I suspect you might need a different data structure entirely to store your text -- but since the real fault seems to lie in the editor control, I doubt you can simply swap in a new one. You've made it not-pathologically-slow, but it's still doing a https://wiki.c2.com/?ShlemielThePainter algorithm.
Thanks, that's good news. I'll add the same fix to LINQPad 5 in the next few days. In terms of further improving performance, I believe that the bottlenecks are no longer in StringBuilder (although let me know if you have evidence otherwise).
I've run another trace, and I definitely don't see StringBuilder::get_Chars() on there anymore.
Unfortunately, I can't work out exactly where the next slowdown lies, because I'm running up against what seems to be a Visual Studio bug, and I don't know how to report it to Microsoft.
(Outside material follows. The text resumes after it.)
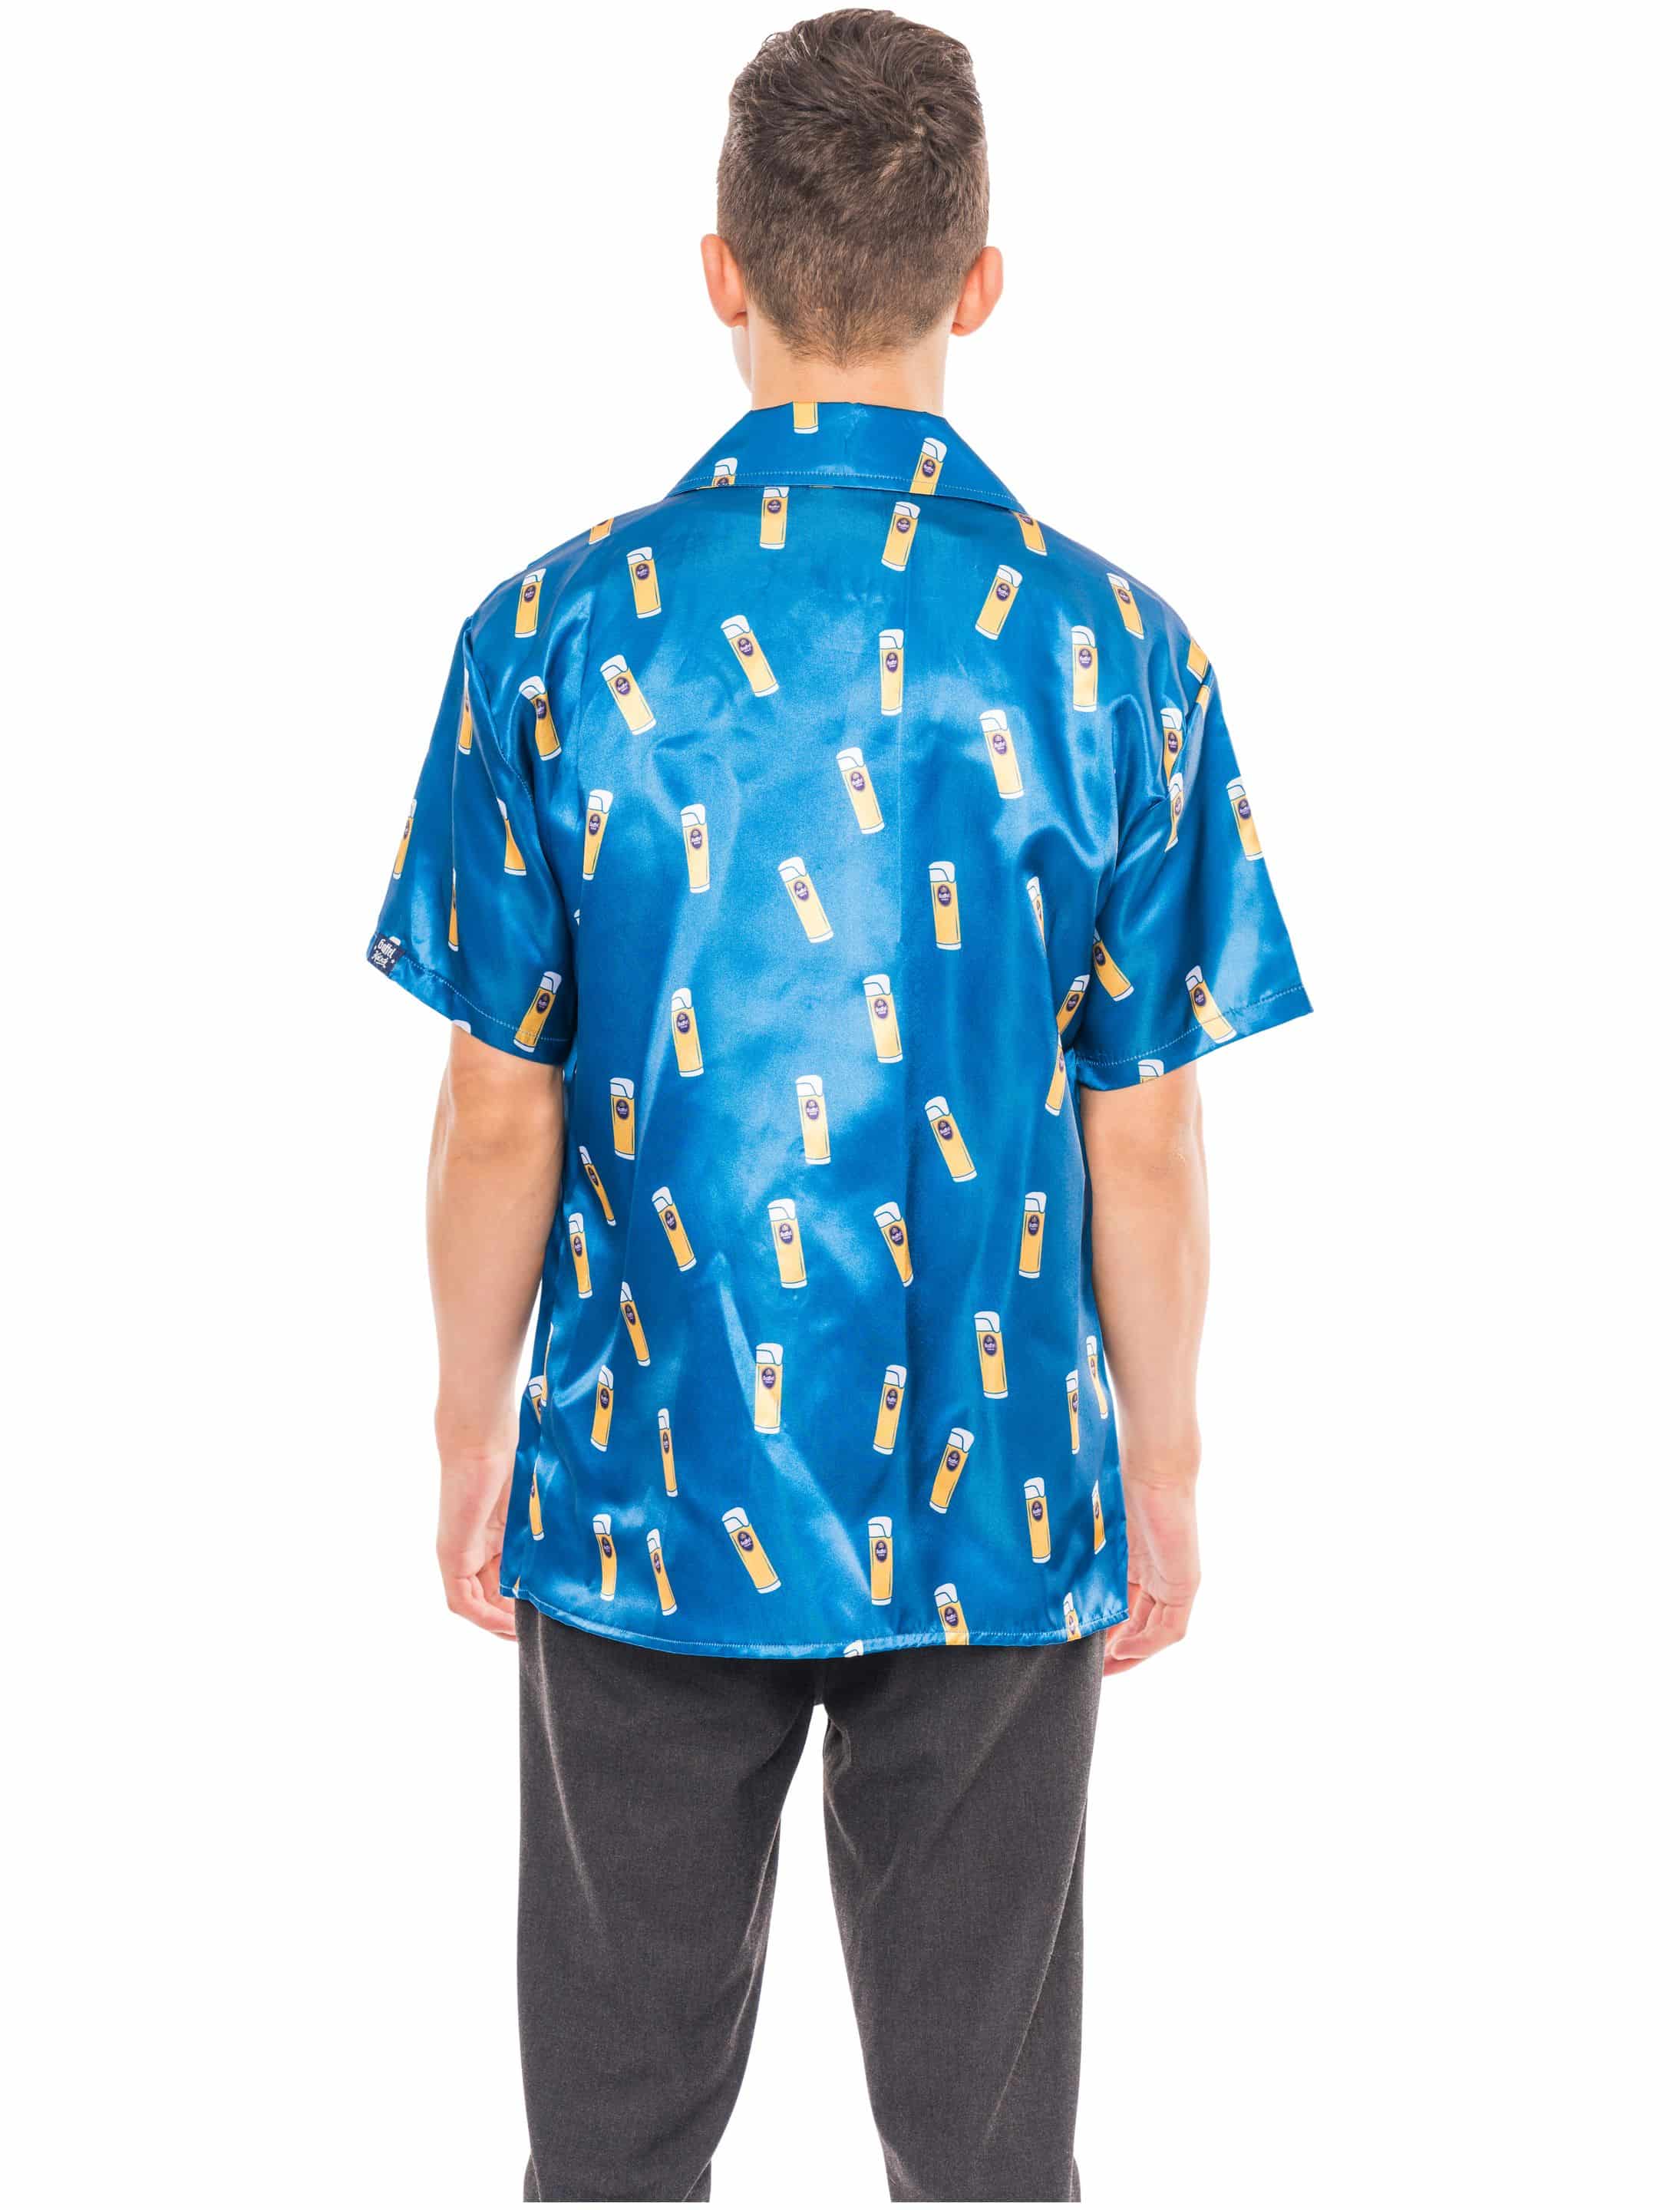 JIS Satin Shirt Herren blau L-XL

In multiple places where an async method is invoked, there's a call out to EtwEventWriteTransfer (in advapi32.dll), below which lies a whole new copy of the call stack, all the way up to the __scrt_common_main_seh call (the executable entry point)! As a result, a large majority of methods have their CPU time incorrectly computed, and I can't really find the true hot spots.
Hope this is not out of place. But I just wanted to post a huge
I've been using LINQPad for years in much the same way as OP to prototype ideas and sometimes they get fairly complex and lengthy. And this has been a very significant pain point for me, that the editing gets incredibly slow after awhile. I am so happy that the root cause of this has been uncovered. Please accept my sincerest gratitude!
Thanks for your support! And a big thank-you to @StevieO.
Joined the forums just to echo the THANK YOU sentiments! I've been working around it by copy/pasting the text, or losing my undo buffer. It makes so much more sense now!